§ **Activity**
Repeat exactly the lines below that lie between the line with "WOZ-waarde Nieuwe Leliestraat 20-A Amsterdam" and the line with "Decreto 19/2014 de", counting both of those lines as part of the answer.

§ **Source material**
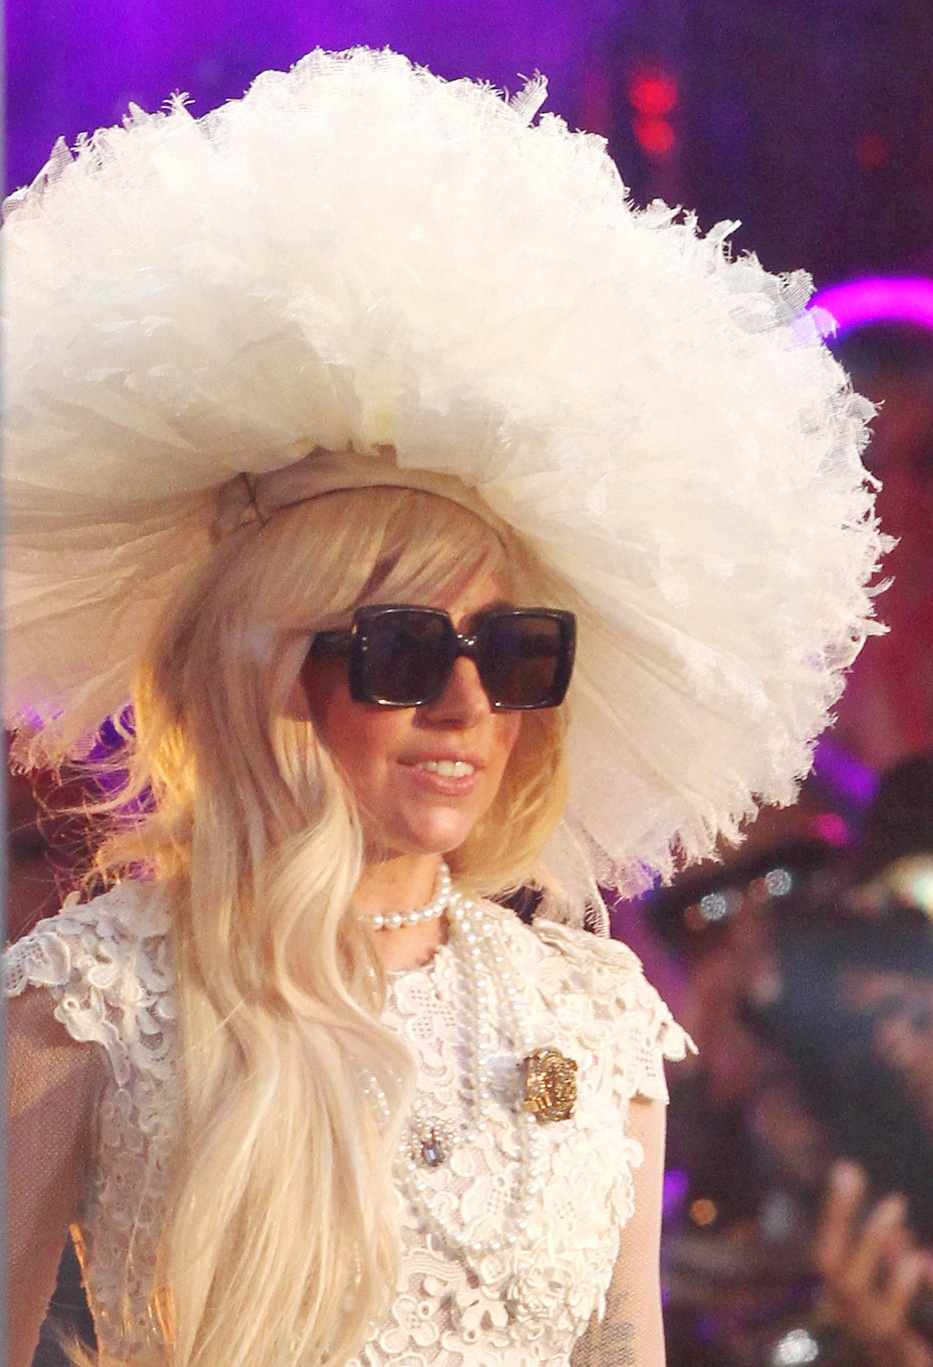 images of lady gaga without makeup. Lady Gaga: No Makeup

==

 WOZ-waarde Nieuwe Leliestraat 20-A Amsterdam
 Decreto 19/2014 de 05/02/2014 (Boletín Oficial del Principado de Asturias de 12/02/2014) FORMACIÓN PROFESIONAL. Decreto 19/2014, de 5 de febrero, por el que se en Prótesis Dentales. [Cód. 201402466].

==

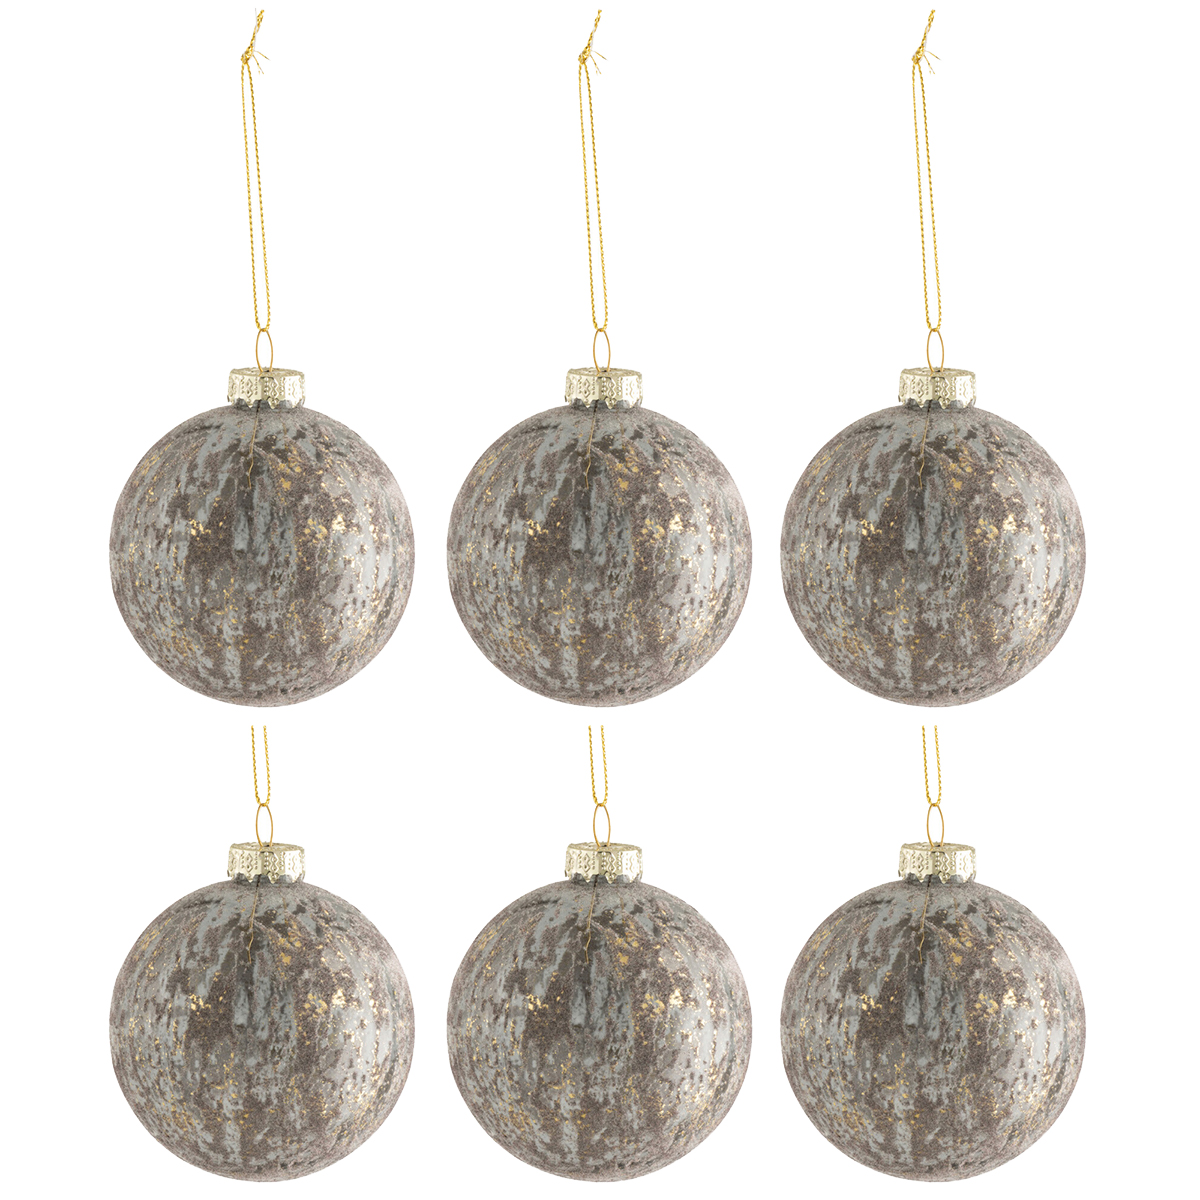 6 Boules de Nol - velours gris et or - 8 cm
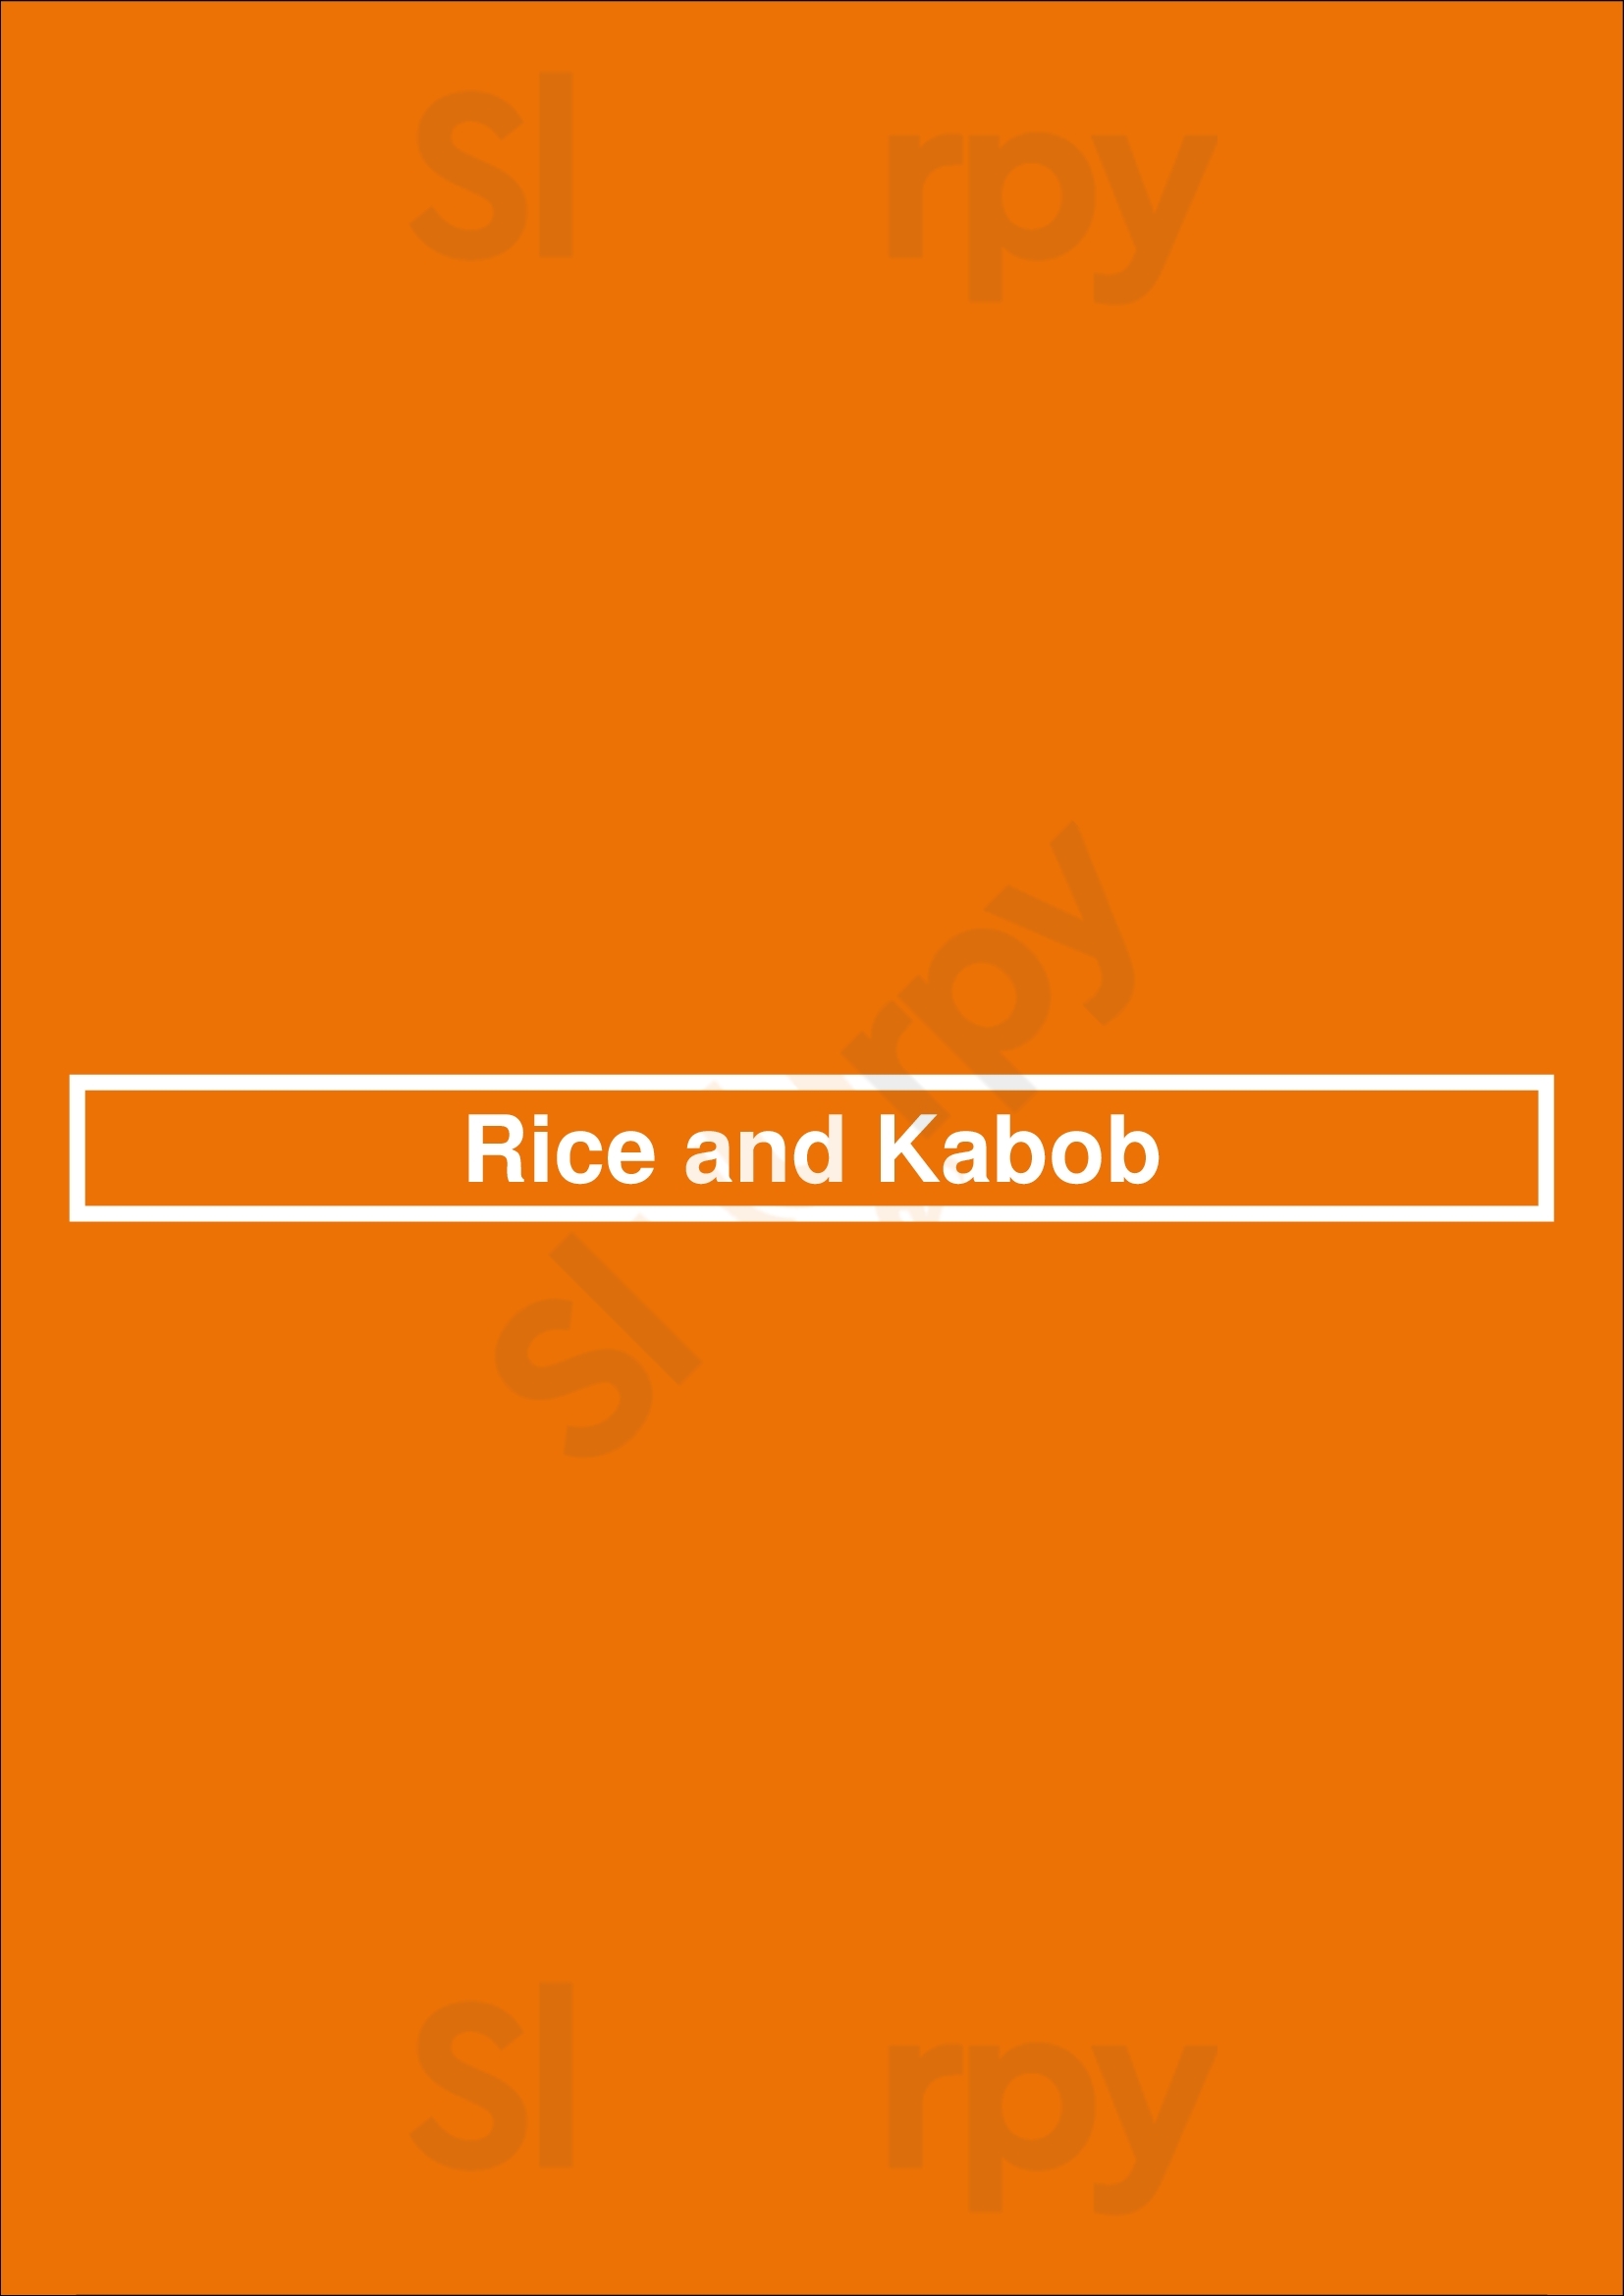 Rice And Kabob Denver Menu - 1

§ **Finished exercise**
 WOZ-waarde Nieuwe Leliestraat 20-A Amsterdam
 Decreto 19/2014 de 05/02/2014 (Boletín Oficial del Principado de Asturias de 12/02/2014) FORMACIÓN PROFESIONAL. Decreto 19/2014, de 5 de febrero, por el que se en Prótesis Dentales. [Cód. 201402466].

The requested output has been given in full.